Retreat from Gettysburg; Lee, Logistics and the Pennsylvania Campaign, Kent Masterson Brown, narrator and writer, Witnessing History Film, High Impact/Post Time Productions, high definition format dvd, 100 minutes,2008, $19.95
Following up on his Retreat From Gettysburg: Lee, Logistics & the Pennsylvania Campaign, Kent Masterson Brown, wrote and narrates the script of this high definition DVD. As narrator, Brown also appears at locations featured in the book. One of the many strengths of this film is Brown's confident presence on the screen; a lawyer who has appeared before juries, Brown gives to the script a both scholarly and an emotional commitment to the material.
Viewers of Lionheart, Wide Awake, and History Channel films will find that this Witnessing History film has all the best features of those and more.
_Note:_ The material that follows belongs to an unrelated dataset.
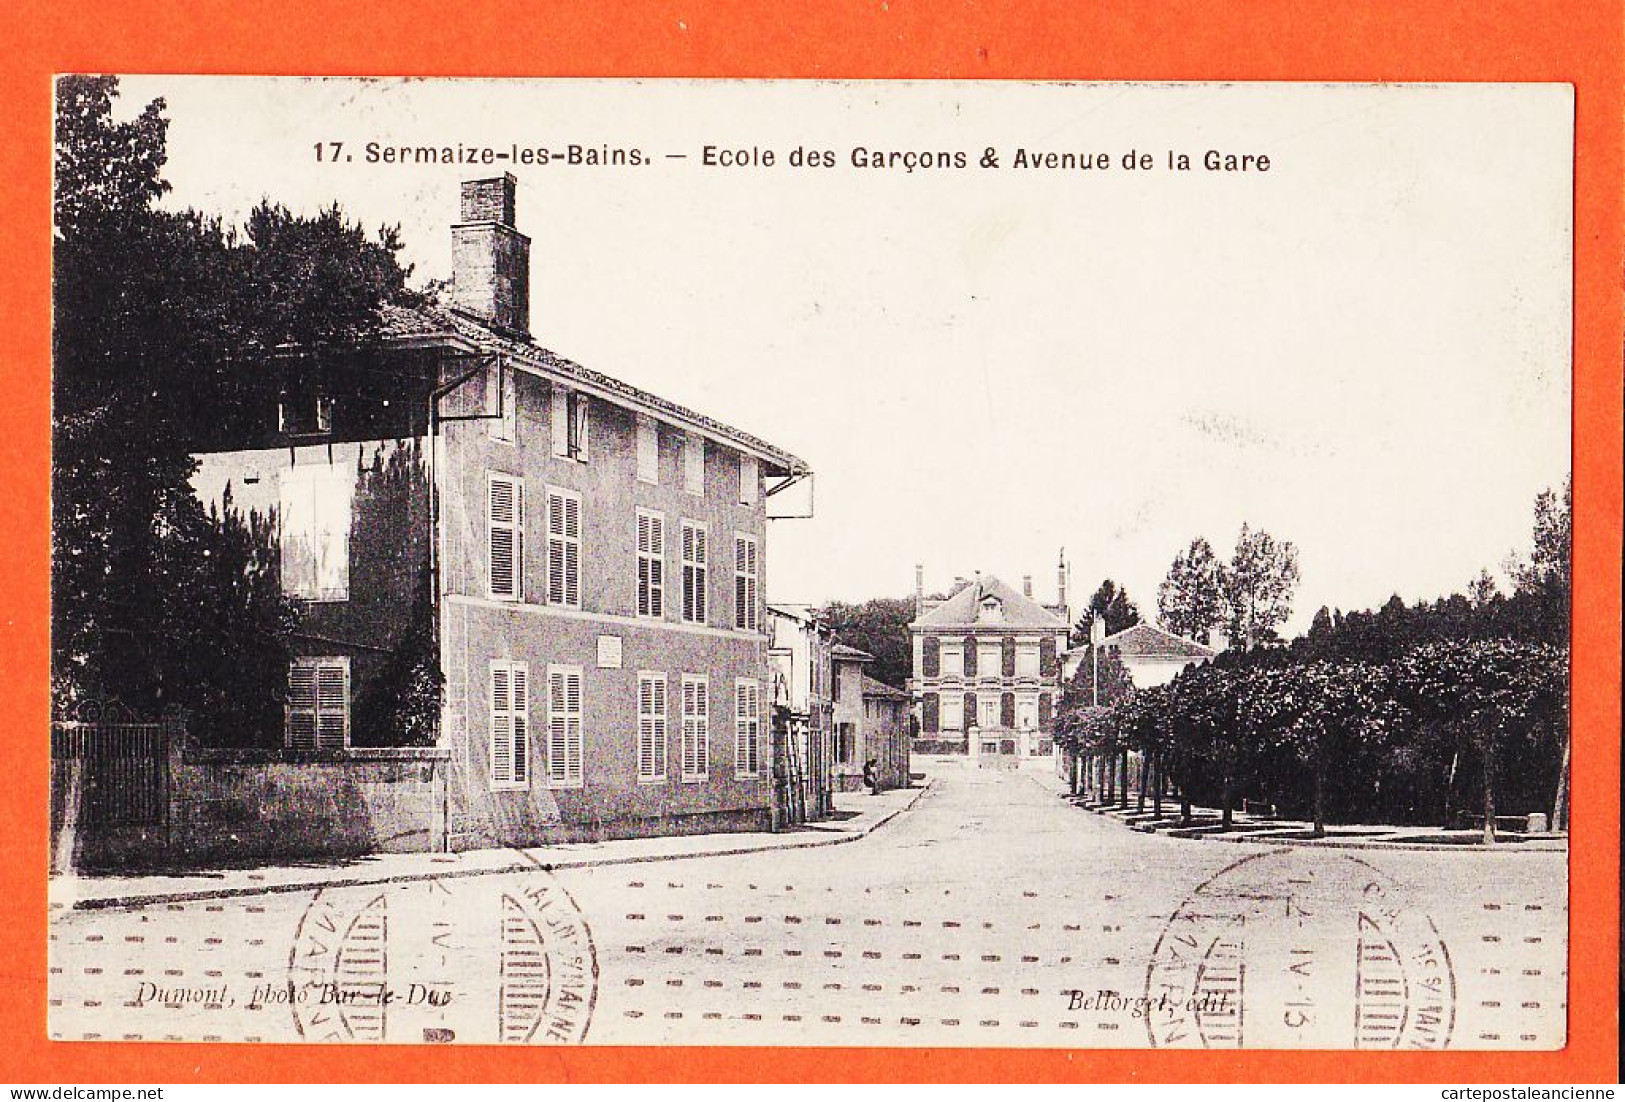 26370 / ⭐ ♥️ SERMAIZE-les-BAINS 51-Marne Ecole GARCONS Avenue GARE 1913 à Gabrielle BARBILLAT Langres-DUMONT BELLORGET - Sermaize-les-Bains

In production, visuals, maps and graphics, Witnessing History films are well served by High Impact Productions. Both are based in Lexington, Kentucky. The high definition quality is so fine that CWL saw uniform buttons standing out from the wool. The maps are dynamic and not static; their moving graphics are necessarily frequent and interesting to watch. Particulary striking are the maps that involve the placement of the Army of Northern Virginia's divisional hospitals on the battlefields. The film's attention to such details regarding the wounded, their transport, and their voices is one of the more rewarding of the many fine characteristics in the script.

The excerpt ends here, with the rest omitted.